S’il est difficile d’estimer l’impact de cette réforme quant à l’accroissement probable du travail dissimulé chez les 25 000 patentés du territoire, on sait qu’en métropole le Gouvernement national a choisi de faire l’exact opposé du gouvernement indépendantiste. Confronté lui aussi à l’inflation et à des cessations d’activité dans le secteur privé, le Gouvernement Borne a fait voter le 16 aout 2022 la loi sur la protection du pouvoir d’achat, laquelle prévoit justement une baisse des cotisations sociales pour l’ensemble des travailleurs indépendants (qui représentent 11% de la population française) et dont l’activité se heurte aux phénomènes d’inflation.

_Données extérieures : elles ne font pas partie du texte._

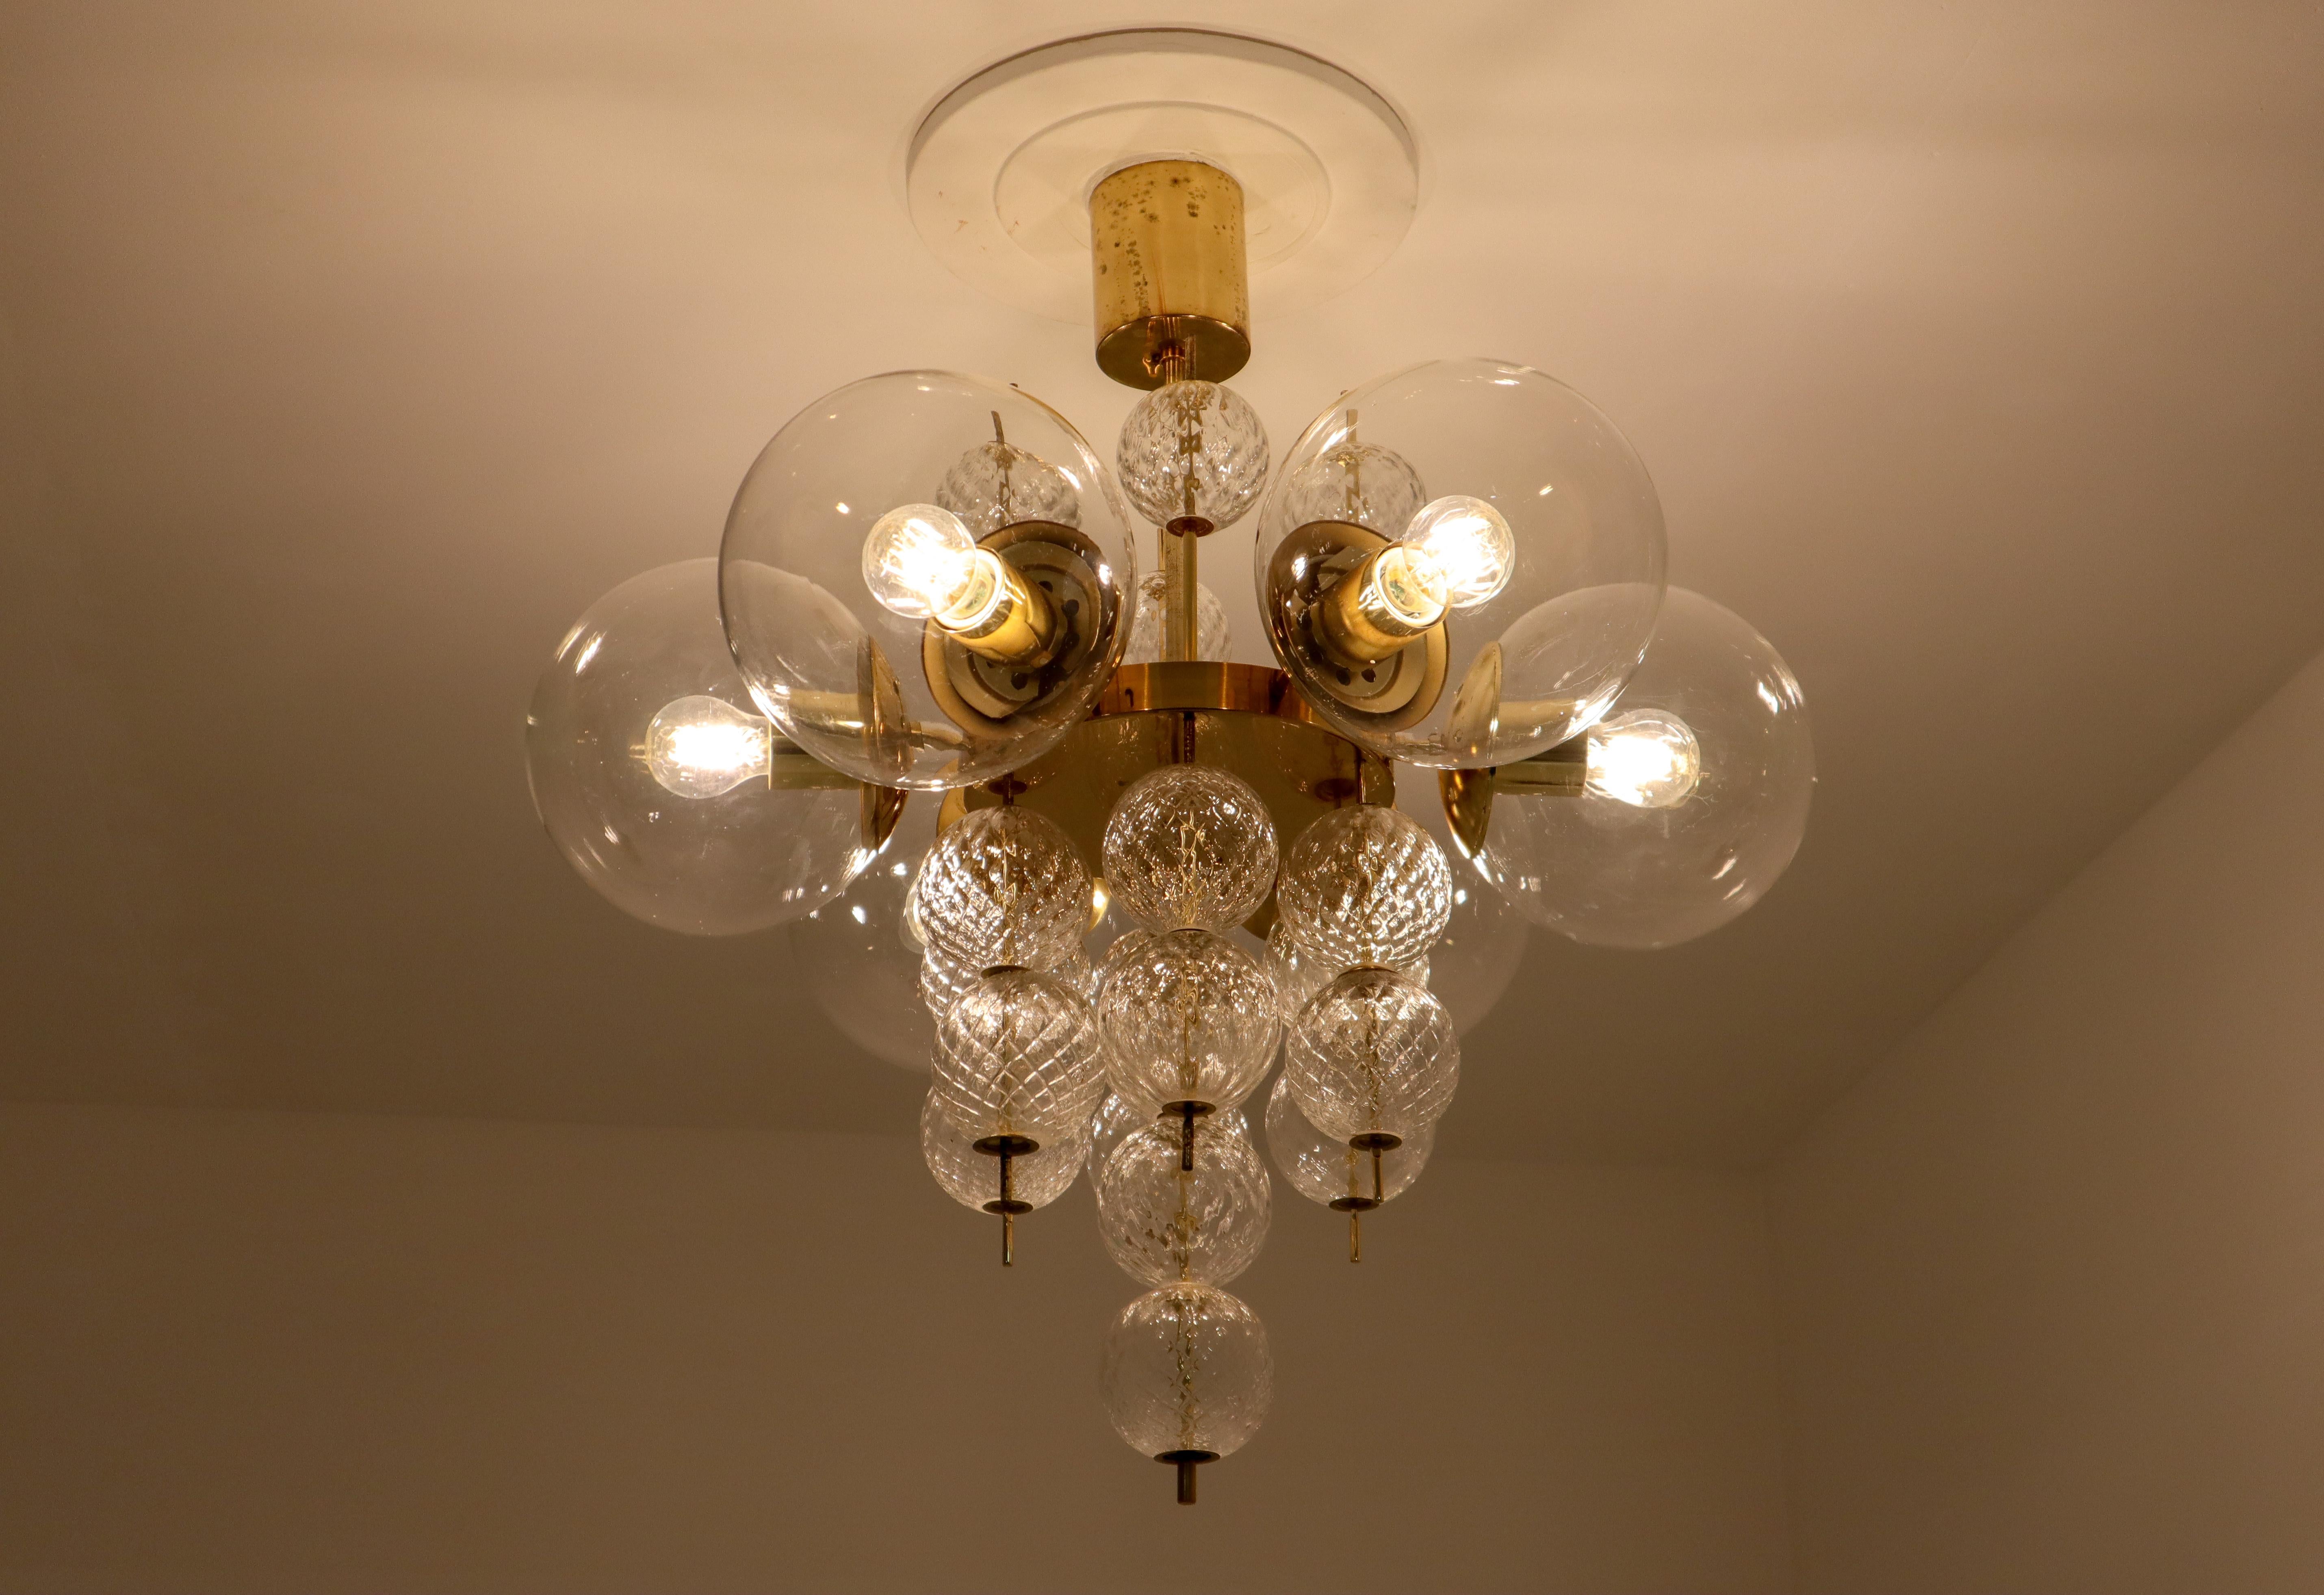 Large set brass chandeliers was produced in Europe in the 1970s. A spirited and chic design set chandeliers with brass fixture and handblown glass. The chandelier with brass frame consist of six lights, formed in a circle, with glass shades. The

2/ Une réforme qui taxe encore les travailleurs

Tukumuli, c’est un peu l’homme qui prend aux travailleurs pour donner aux rentiers. En effet, si la réforme impacte majoritairement les entreprises et les patentés, elle permettra aux fonctionnaires de payer un peu moins de cotisations (400 millions en moins à l’horizon 2025, soit une baisse de 8%). En sus, elle permettra aux travailleurs indépendants d’obtenir les mêmes droits que les salariés, exception faite des droits à la retraite puisque ces derniers devront à la fois gérer l’augmentation de 60% de leurs cotisations sociales et continuer à constituer parallèlement leur propre retraite (NDLR : En effet, les travailleurs indépendants cotisent plus qu’ils ne perçoivent, attendu qu’ils ne vivent aux dépends de personne d’autre que d’eux-mêmes ; ce qui les rend par corollaire très dangereux pour les intérêts de la corporation politico-administrative qui gère avec une impressionnante inefficacité les dépenses publiques de la Nouvelle-Calédonie, mais nous y reviendrons en fin d’article…)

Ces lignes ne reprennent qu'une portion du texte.